Inoltre, siamo nel momento del clou del virus respiratorio sinciziale”, dice Rino Agostiniani, consigliere nazionale della Società Italiana di Pediatria, che sottolinea che “è importante che i bambini che hanno sintomi influenzali rimangano a casa”. “Ho scritto al ministro della Salute con l’obiettivo di accedere un faro su una malattia che provoca, soprattutto tra i neonati, gravi patologie, anche mortali: la bronchiolite.

La Commissione europea ha autorizzato il vaccino Nirsevimab che ha già passato severissime e rigidissime misure di controllo da parte di Ema. Questo farmaco potrebbe essere uno strumento fondamentale per la lotta alla bronchiolite ed è arrivato il momento che venga adottato anche nel nostro Paese, quanto prima”, ha intanto fatto sapere Orfeo Mazzella, capogruppo del Movimento 5 Stelle in Commissione Affari Sociali al Senato, citando il caso di una neonata di tre mese morta a fine anno probabilmente proprio a causa di questo virus.

Intanto nelle ultime due settimane, in Italia, l’influenza e le sindromi simil-influenzali hanno fatto registrare numeri da record: due milioni di persone messe a letto solo nelle ultime due settimane dell’anno, con tassi elevati soprattutto nei bambini più piccoli “che sono quelli nel corso degli ultimi anni non hanno sviluppato un patrimonio immunitario per difendersi dall’infezione”, spiega Agostiniani. Covid-19, al contrario, nell’ultima rilevazione del ministero della Salute e dell’Istituto Superiore di Sanità ha mostrato un lieve rallentamento.

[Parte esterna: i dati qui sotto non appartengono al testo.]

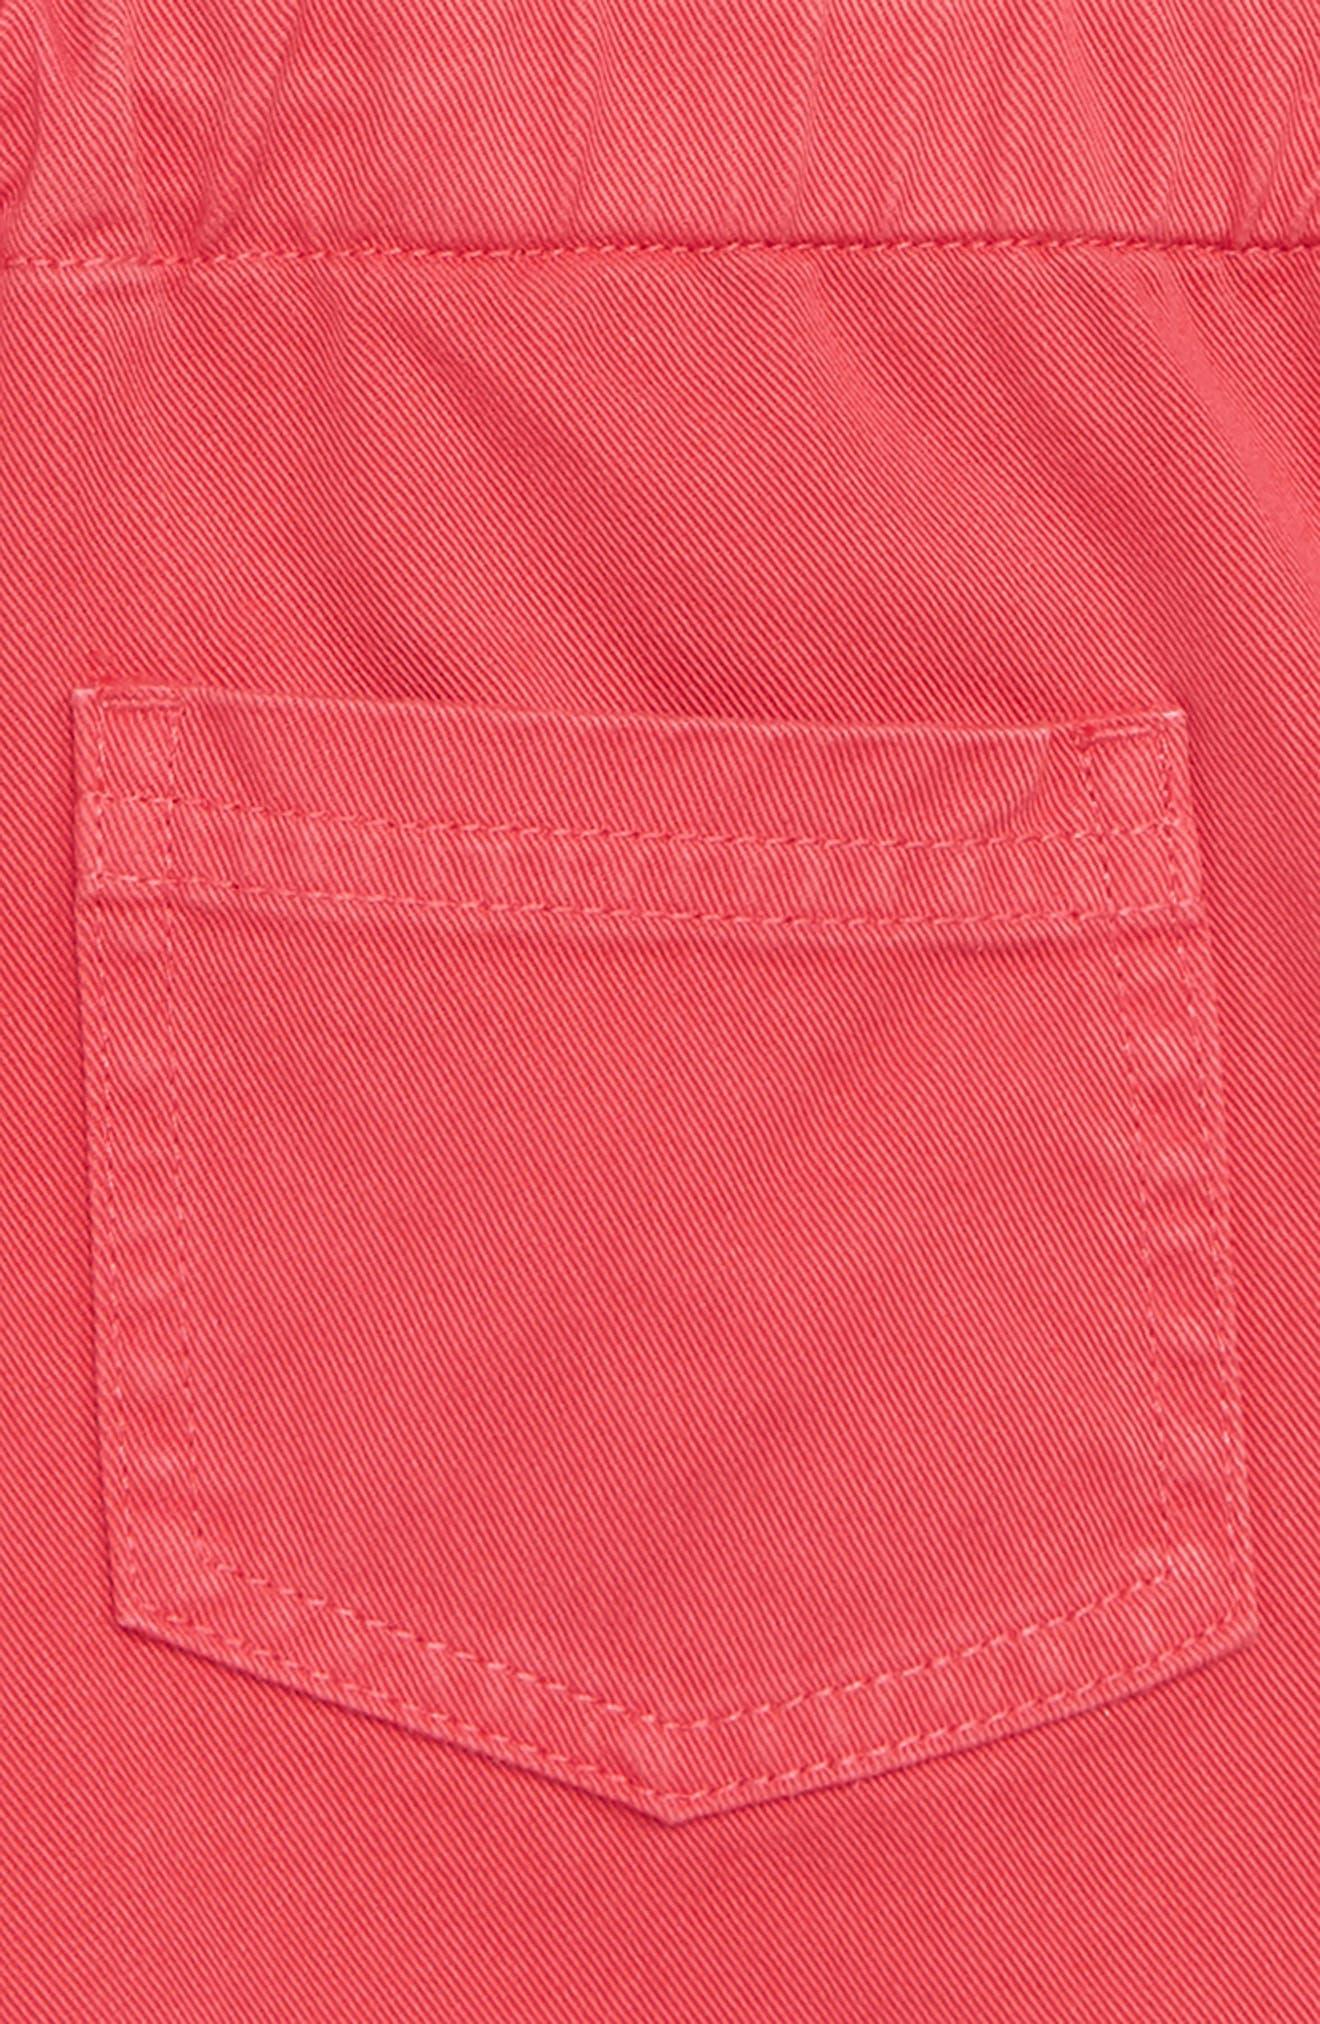 Frill Detail Shorts,                             Alternate thumbnail 3, color,                             Strawberry Split Pin
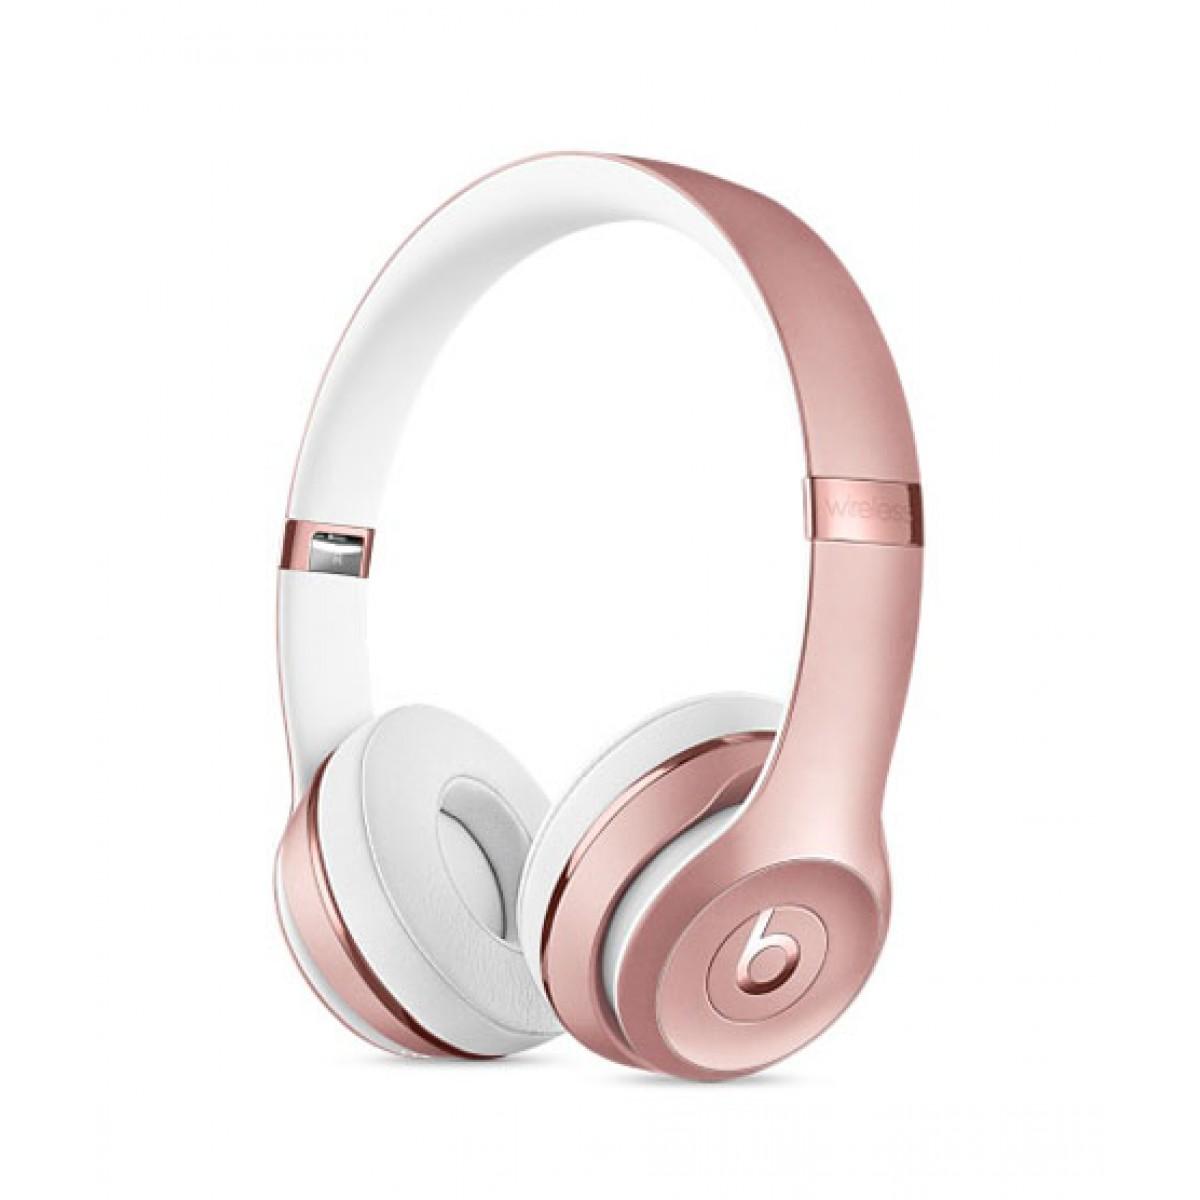 Beats Solo 3 Wireless On Ear Headphones Price In Pakistan Buy Beats Bluetooth Headphones Rose Gold Ishopping Pk

Tuttavia, nel mondo sembra che i contagi abbiano ripreso a salire: secondo l’Organizzazione Mondiale della Sanità, nelle ultime 4 settimane ci sono stati 850mila casi di Covid nel mondo, con un aumento del 52% rispetto al mese precedente. I numeri reali, tuttavia, potrebbero essere molto più alti.

“Sappiamo che in tutto il mondo le segnalazioni sono diminuite, i centri di sorveglianza sono diminuiti, i centri di vaccinazione sono stati smantellati o chiusi. Questo fornisce un quadro incompleto della situazione e purtroppo dobbiamo aspettarci più casi di quelli che abbiamo dichiarato ufficialmente”, ha detto Christian Lindmeier dell’Oms.

Che la situazione stia peggiorando si intuisce anche dai ricoveri: tra il 13 novembre e il 10 dicembre, nei Paesi che segnalano sistematicamente i dati all’Oms e che sono ormai meno di 60, sono stati registrati più di 118 mila nuovi ricoveri per Covid e più di 1.600 nuovi ricoveri in terapia intensiva, con un aumento rispettivamente del 23% e del 51%.

La ripresa dei contagi potrebbe essere legata alla nuova JN.1 del virus Sars-CoV-2. I dati che arrivano dagli Stati Uniti sembrano confermarlo. Secondo le ultime stime dei Centers for Disease Control and Prevention (Cdc) nell’ultima settimana JN.1 è arrivata al 61,6% di prevalenza. JN.1, che ormai è dominante anche in Italia, discende dalla variante BA.2.86 (Pirola) ed è stata isolata proprio negli Stati Uniti lo scorso settembre. Per i Cdc “al momento non vi è alcuna indicazione di un aumento della gravità da JN.1”. Tuttavia, è possibile che “questa variante possa determinare un aumento delle infezioni”.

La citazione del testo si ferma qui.